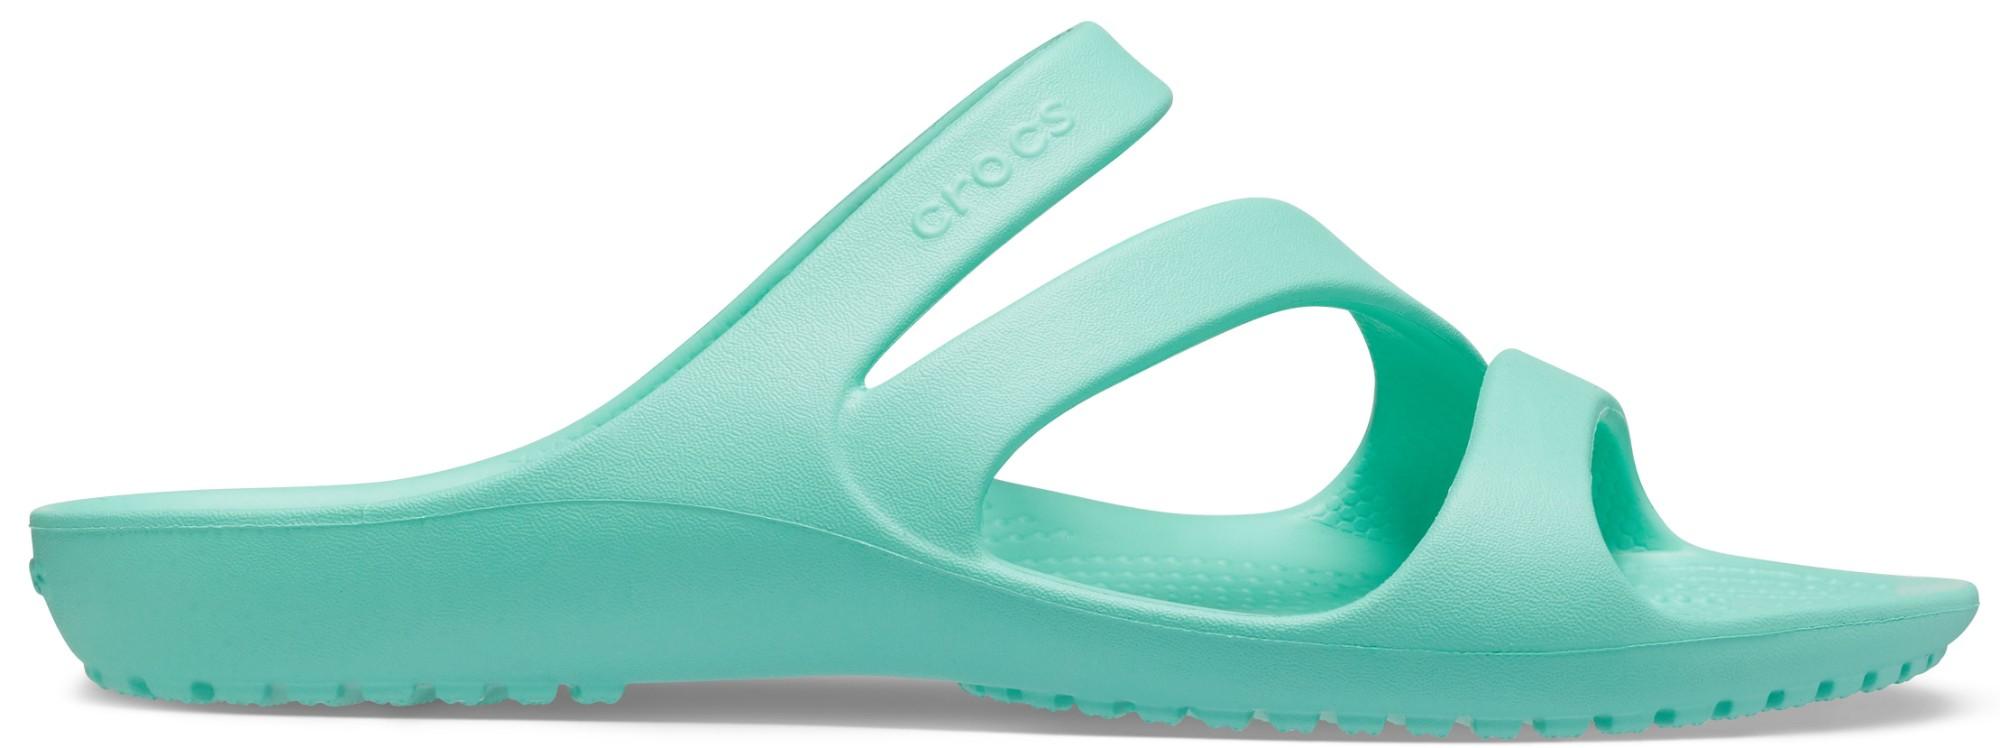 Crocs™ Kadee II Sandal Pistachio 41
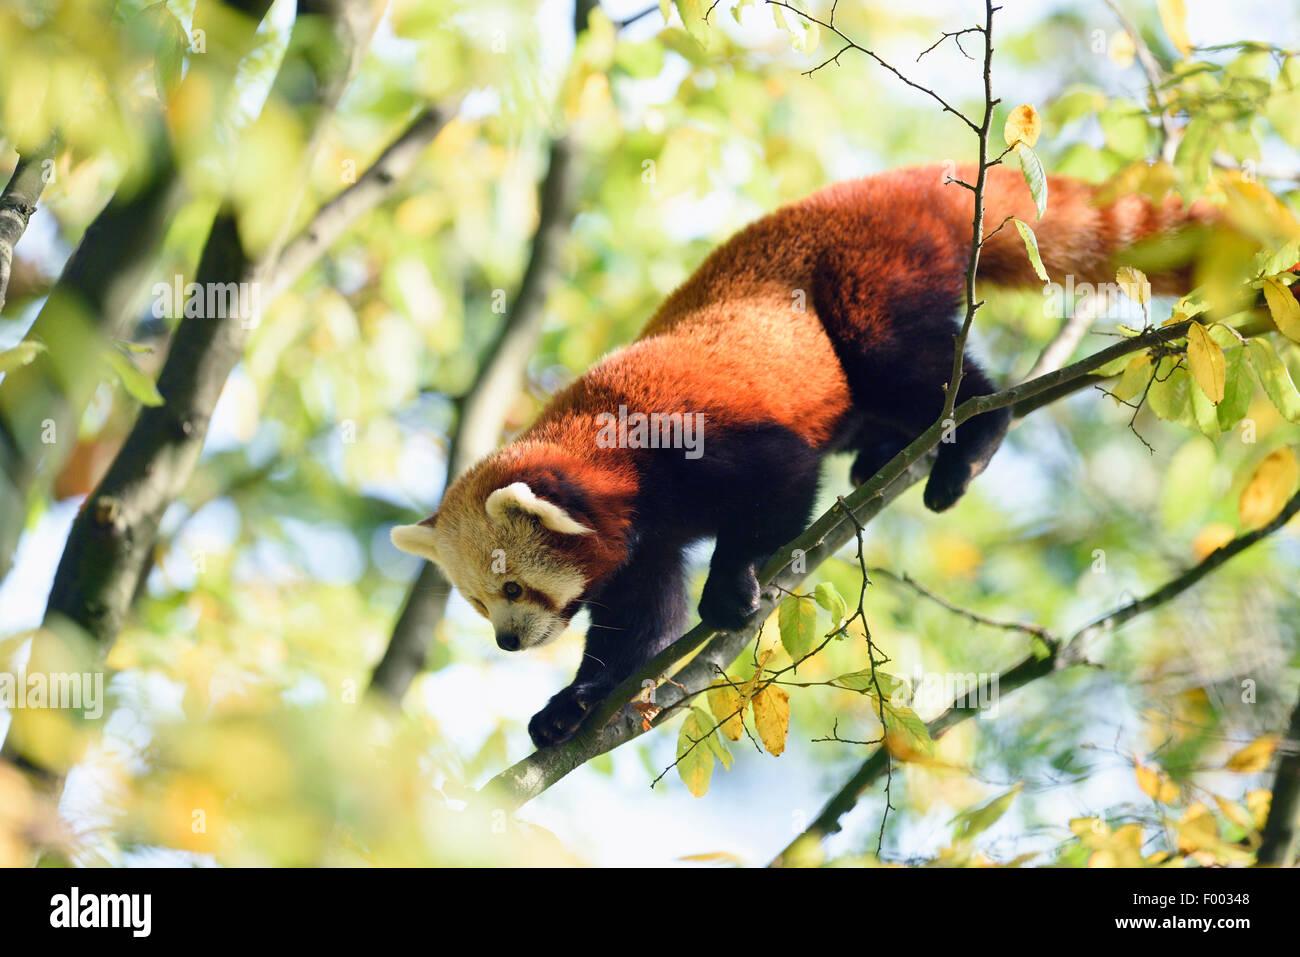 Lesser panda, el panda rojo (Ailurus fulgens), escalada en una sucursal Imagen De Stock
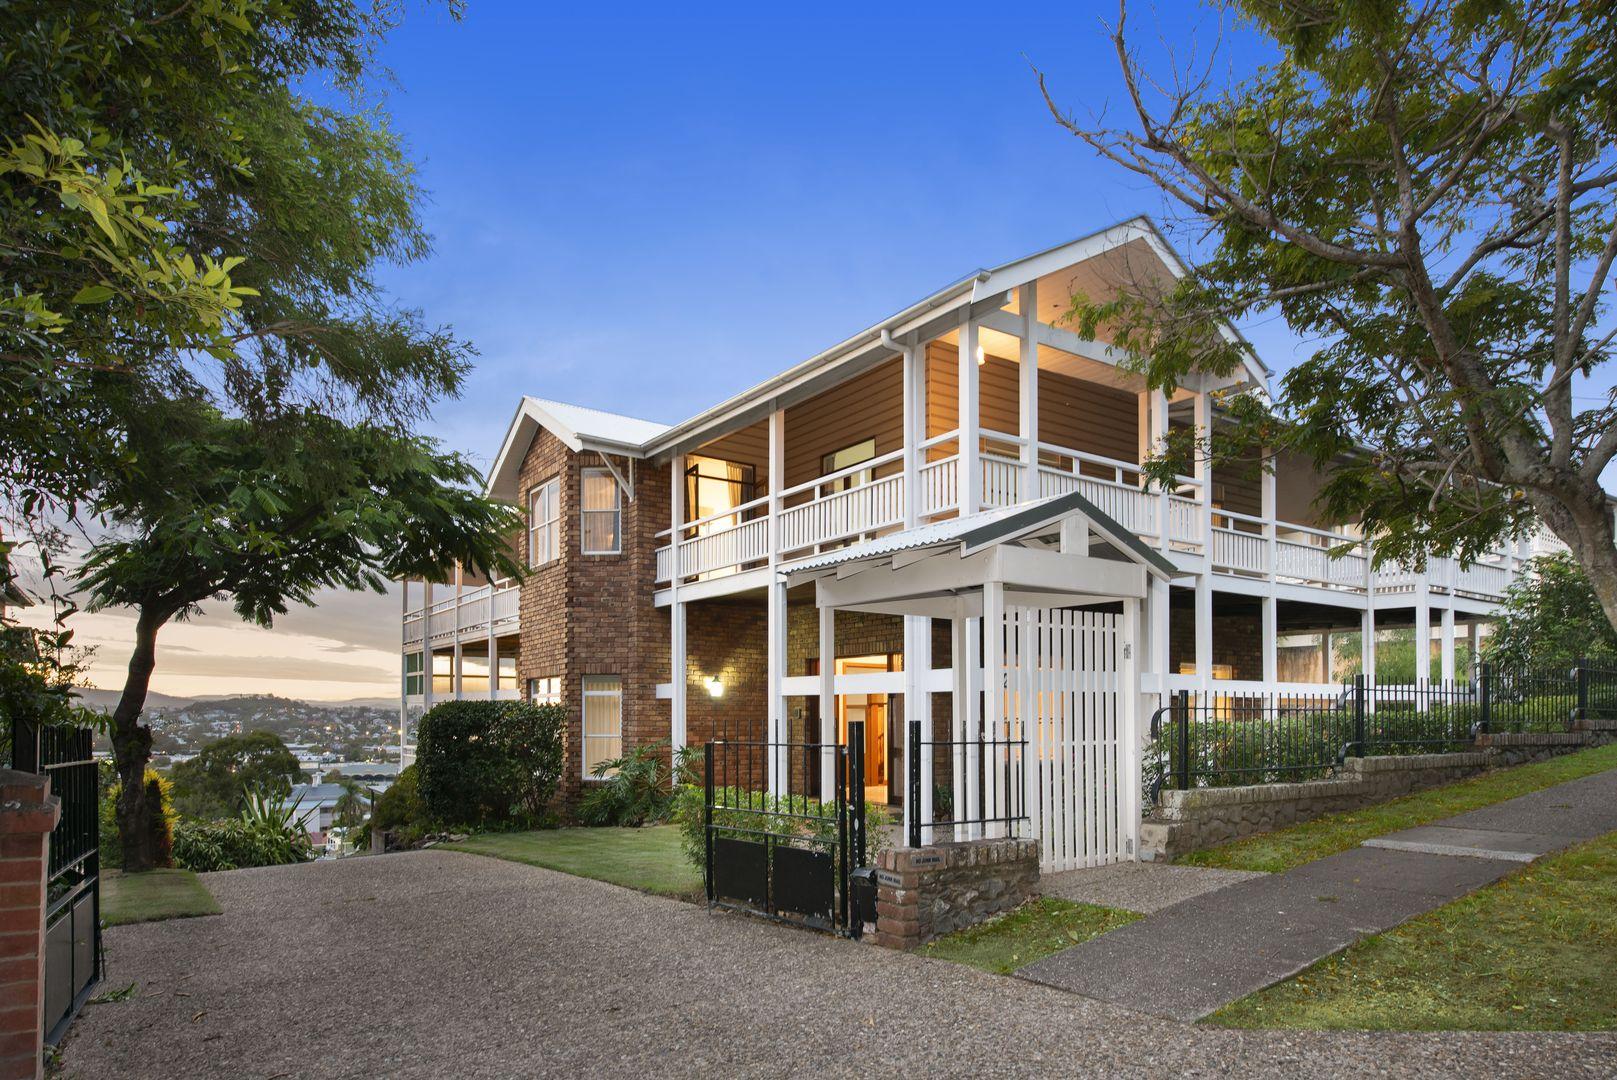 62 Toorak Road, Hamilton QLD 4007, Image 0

Assignment: Retype all the data exactly, please, without pictures.

Output for this exercise:
 Crocs™ Kadee II Sandal Pistachio 41
 Lesser panda, el panda rojo (Ailurus fulgens), escalada en una sucursal Imagen De Stock
 62 Toorak Road, Hamilton QLD 4007, Image 0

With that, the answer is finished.